__AIM OF THE TASK__. Below are the records; tally the lines in them that include the word "from" and reply with the number alone.

[Data items]
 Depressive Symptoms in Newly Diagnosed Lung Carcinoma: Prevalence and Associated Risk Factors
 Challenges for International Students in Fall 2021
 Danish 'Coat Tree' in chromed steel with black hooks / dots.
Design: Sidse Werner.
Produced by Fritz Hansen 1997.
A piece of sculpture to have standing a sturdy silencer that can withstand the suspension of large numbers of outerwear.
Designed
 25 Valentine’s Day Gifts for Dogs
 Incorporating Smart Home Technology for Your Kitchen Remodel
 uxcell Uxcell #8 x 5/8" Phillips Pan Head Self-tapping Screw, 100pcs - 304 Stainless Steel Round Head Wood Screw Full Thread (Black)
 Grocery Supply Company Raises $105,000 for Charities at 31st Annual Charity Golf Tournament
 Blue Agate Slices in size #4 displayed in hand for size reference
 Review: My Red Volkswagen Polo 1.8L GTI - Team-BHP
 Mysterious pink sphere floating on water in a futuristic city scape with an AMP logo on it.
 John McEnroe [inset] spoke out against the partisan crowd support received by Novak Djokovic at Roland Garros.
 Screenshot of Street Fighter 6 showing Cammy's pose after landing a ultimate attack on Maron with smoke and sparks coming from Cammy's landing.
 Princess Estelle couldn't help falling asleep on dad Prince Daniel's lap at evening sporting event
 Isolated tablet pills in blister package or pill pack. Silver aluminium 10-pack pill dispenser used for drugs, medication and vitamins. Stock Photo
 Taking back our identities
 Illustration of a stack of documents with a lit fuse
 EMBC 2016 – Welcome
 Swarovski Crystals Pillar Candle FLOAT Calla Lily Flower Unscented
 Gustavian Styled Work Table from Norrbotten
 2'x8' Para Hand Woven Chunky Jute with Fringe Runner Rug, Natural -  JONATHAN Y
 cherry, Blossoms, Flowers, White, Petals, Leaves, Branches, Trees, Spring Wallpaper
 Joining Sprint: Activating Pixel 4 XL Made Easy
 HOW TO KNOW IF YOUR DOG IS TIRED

__REPLY TO THE EXERCISE__. 2